Hi all!
I have event logs from my system that describe the actions that users take. I am trying to devise the best method for storing those events in a user entity model.
For example, my event data looks like this:
{time: 2021-01-03, customerId: 1234-5678, action: "logged-in"}
{time: 2021-01-03, customerId: 1234-5678, action: "viewed-item", item-id: 222}
{time: 2021-01-07, customerId: 1234-5678, action: "logged-in"}
{time: 2021-01-07, customerId: 1234-5678, action: "viewed-item", item-id: 444}
{time: 2021-01-07, customerId: 1234-5678, action: "viewed-item", item-id: 555}
{time: 2021-01-11, customerId: 1234-5678, action: "logged-in"}
{time: 2021-01-11, customerId: 1234-5678, action: "viewed-item", item-id: 444}
And my desired output is something like this:
{
customerId: 1234-5678,
productsViewed: [{time: 2021-01-03, item-id: 222},{time: 2021-01-07, item-id: 444},{time: 2021-01-07, item-id: 555},{time: 2021-01-11, item-id: 444}]

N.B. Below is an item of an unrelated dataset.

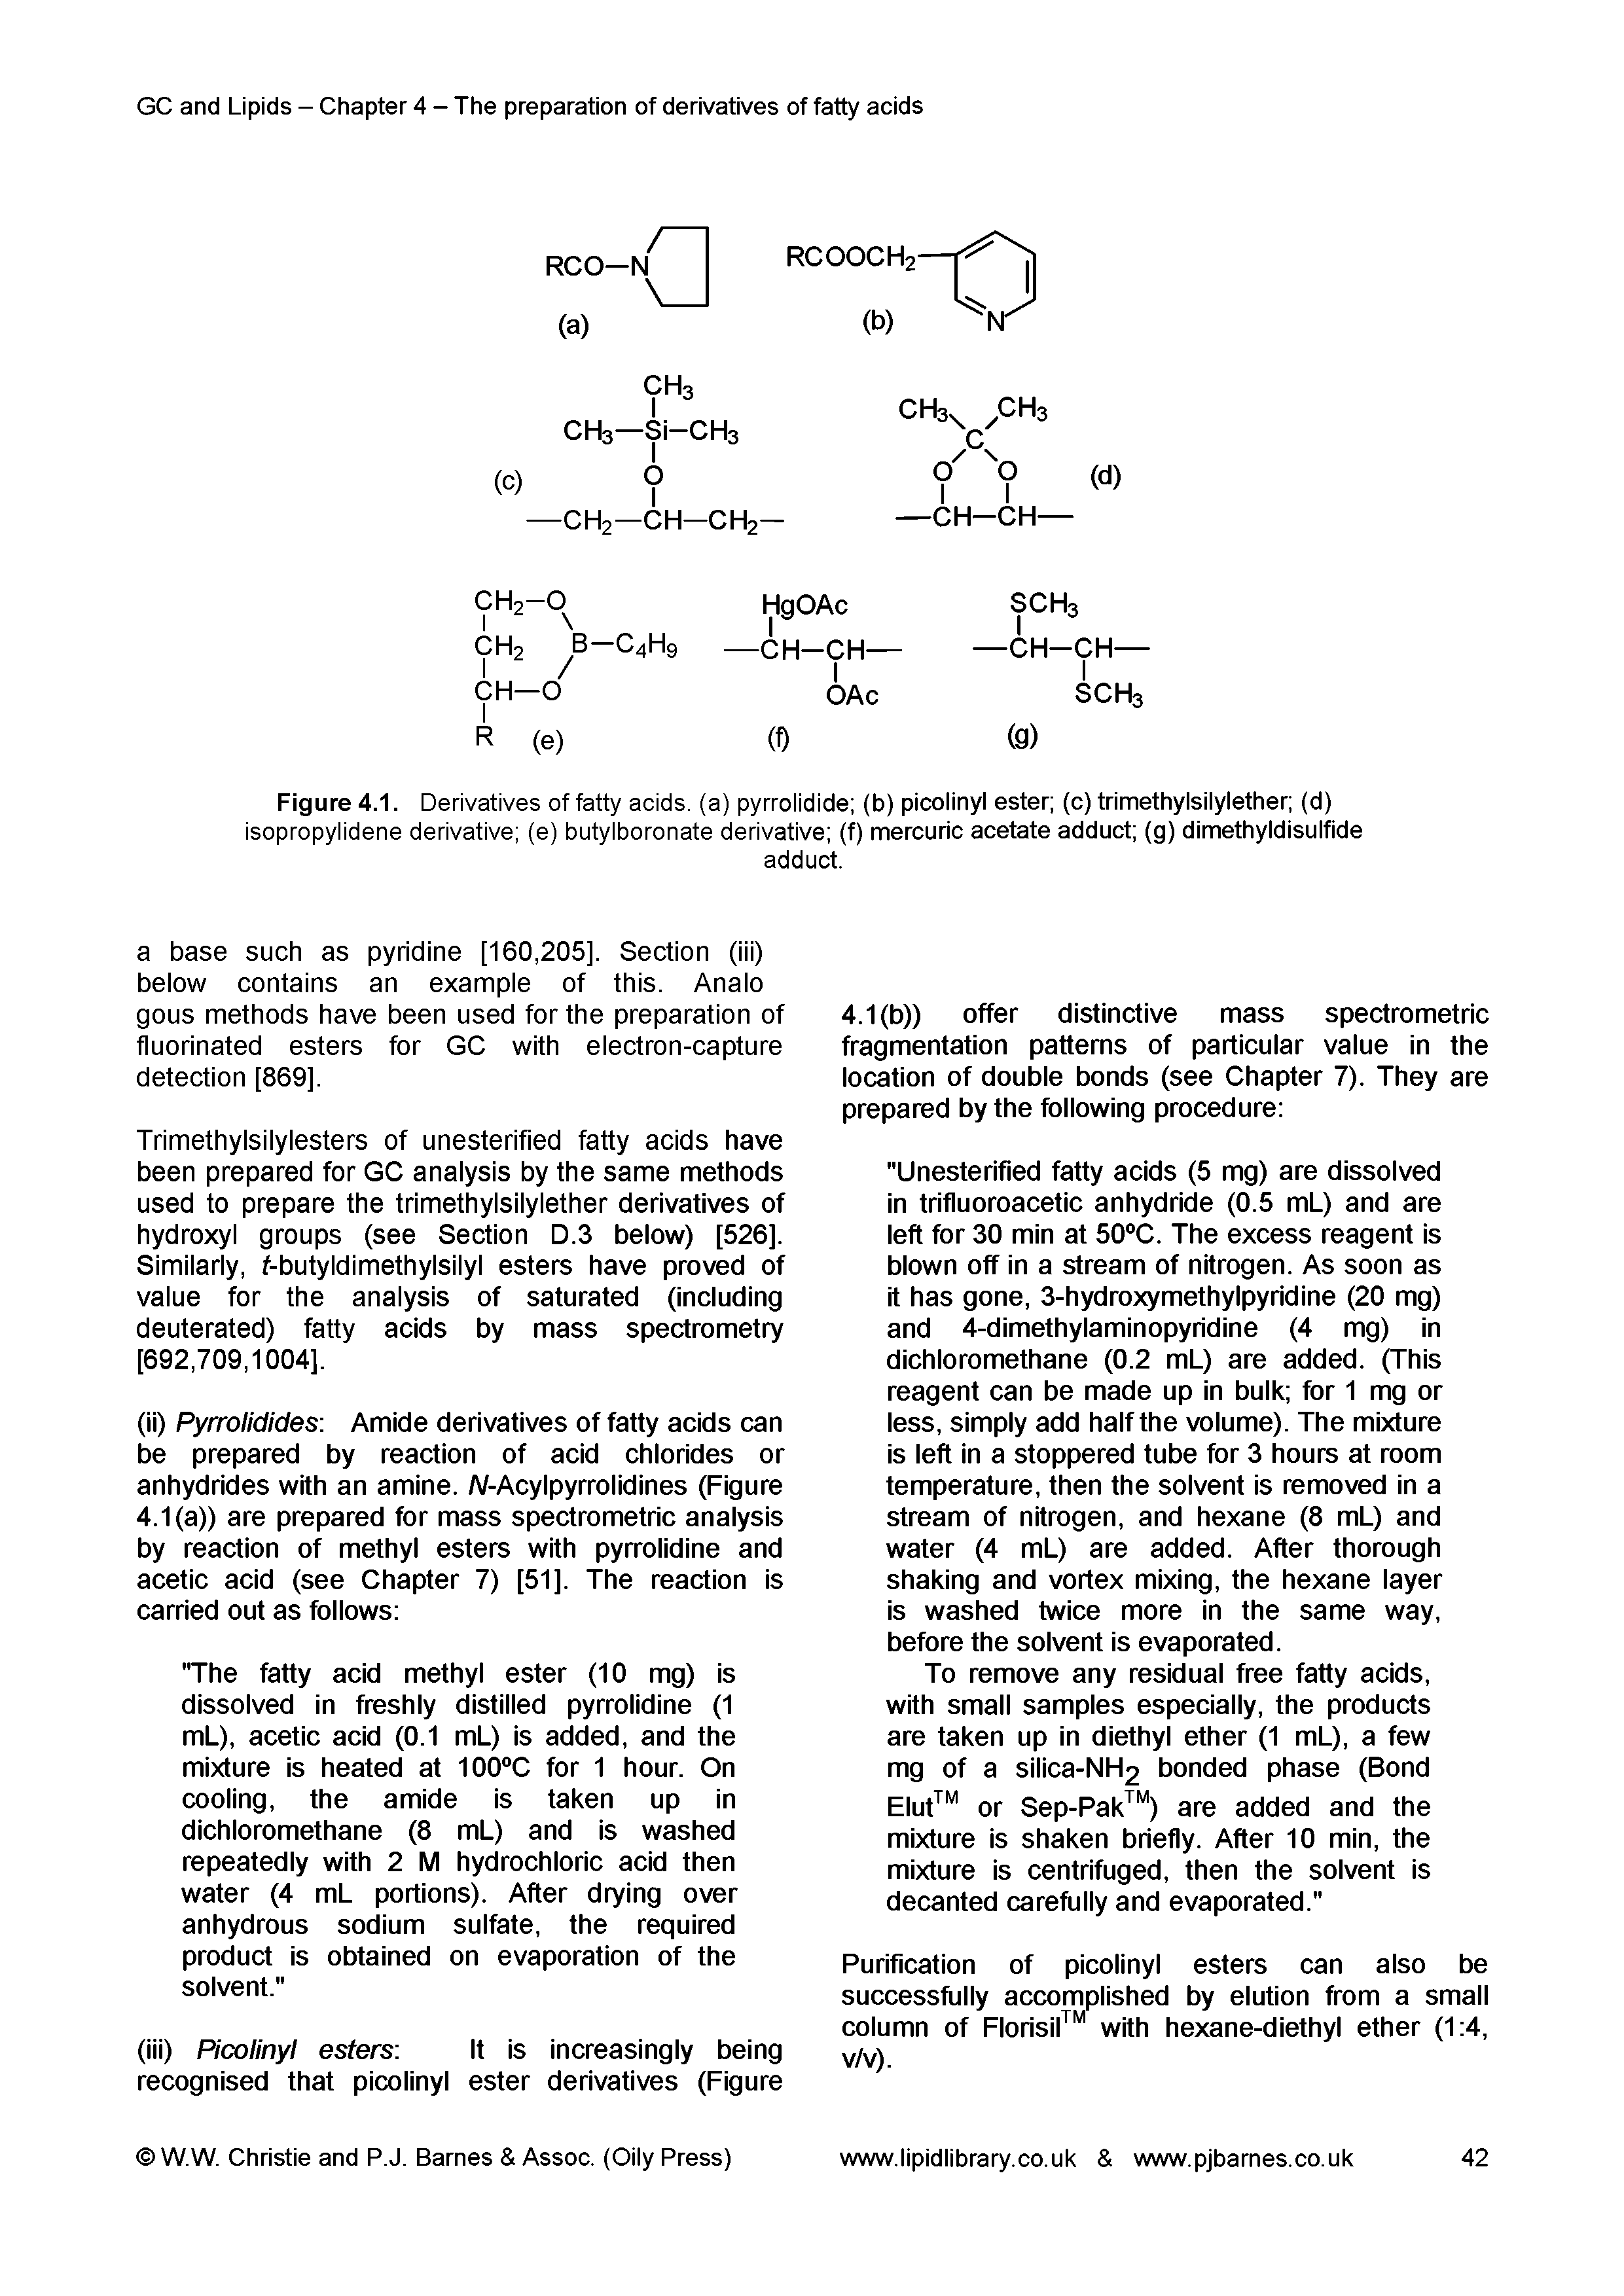 Figure 4.1. Derivatives of fatty acids, (a) pyrrolidide (b) picolinyl ester (c) trimethylsilylether (d) isopropylidene derivative (e) butylboronate derivative (f) mercuric acetate adduct (g) dimethyidisulfide...

logins: [{time: 2021-01-03}],{time: 2021-01-07},{time: 2021-01-11}]
}
Is there a recommended approach using the Elastic stack to transform my event logs into entity-centric models that contain nested (and abbreviated) event data like this?
Elasticsearch transforms do not support aggregations that return hits/documents (e.g. top_hits), so I do not see a way to leverage transforms to output a nested array of abbreviated events. I do not believe ingest pipelines are the solution, either, as they seem to transform documents more than create entities.